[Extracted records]
───
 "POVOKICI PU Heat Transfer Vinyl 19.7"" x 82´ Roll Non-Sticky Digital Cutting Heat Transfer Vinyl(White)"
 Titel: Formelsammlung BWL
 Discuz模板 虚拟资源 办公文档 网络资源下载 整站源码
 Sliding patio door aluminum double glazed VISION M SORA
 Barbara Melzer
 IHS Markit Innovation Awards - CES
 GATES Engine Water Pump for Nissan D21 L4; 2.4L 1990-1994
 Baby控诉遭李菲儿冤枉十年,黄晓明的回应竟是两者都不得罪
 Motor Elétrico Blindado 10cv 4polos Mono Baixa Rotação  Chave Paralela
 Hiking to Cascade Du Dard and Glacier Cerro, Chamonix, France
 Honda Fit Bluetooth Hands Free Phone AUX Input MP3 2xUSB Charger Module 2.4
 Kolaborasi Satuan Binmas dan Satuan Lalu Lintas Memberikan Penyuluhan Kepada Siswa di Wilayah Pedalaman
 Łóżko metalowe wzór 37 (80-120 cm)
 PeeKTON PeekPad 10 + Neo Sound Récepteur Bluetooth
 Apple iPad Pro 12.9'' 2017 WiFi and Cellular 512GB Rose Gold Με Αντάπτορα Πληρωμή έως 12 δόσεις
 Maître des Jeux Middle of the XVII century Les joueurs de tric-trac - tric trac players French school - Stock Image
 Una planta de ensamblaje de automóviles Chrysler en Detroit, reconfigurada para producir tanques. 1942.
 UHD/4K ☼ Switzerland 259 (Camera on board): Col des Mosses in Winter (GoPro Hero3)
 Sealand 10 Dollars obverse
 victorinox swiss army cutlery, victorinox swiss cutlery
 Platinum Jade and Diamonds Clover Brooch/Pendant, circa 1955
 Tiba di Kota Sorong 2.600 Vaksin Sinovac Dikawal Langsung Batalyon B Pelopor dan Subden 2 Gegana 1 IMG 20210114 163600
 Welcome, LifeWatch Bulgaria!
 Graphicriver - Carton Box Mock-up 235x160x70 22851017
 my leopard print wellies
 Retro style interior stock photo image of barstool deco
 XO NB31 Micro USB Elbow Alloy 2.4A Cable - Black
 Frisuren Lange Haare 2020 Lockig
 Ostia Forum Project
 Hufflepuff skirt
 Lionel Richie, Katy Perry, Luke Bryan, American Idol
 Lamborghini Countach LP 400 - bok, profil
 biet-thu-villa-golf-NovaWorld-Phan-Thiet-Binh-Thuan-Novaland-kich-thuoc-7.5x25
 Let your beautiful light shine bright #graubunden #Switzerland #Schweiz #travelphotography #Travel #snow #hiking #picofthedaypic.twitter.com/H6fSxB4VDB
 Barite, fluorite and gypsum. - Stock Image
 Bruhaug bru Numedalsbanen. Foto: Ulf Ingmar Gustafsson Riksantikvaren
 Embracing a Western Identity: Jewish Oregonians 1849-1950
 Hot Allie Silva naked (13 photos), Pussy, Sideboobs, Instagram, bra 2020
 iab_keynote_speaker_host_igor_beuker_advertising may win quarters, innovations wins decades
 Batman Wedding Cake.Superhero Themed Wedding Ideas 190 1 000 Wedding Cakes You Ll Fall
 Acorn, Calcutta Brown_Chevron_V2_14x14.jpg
───
Of the entries above, repeat exactly the lines between the line with "Sliding patio door" and the line with "Motor Elétrico Blindado", inclusive, and no others.

 Sliding patio door aluminum double glazed VISION M SORA
 Barbara Melzer
 IHS Markit Innovation Awards - CES
 GATES Engine Water Pump for Nissan D21 L4; 2.4L 1990-1994
 Baby控诉遭李菲儿冤枉十年,黄晓明的回应竟是两者都不得罪
 Motor Elétrico Blindado 10cv 4polos Mono Baixa Rotação  Chave Paralela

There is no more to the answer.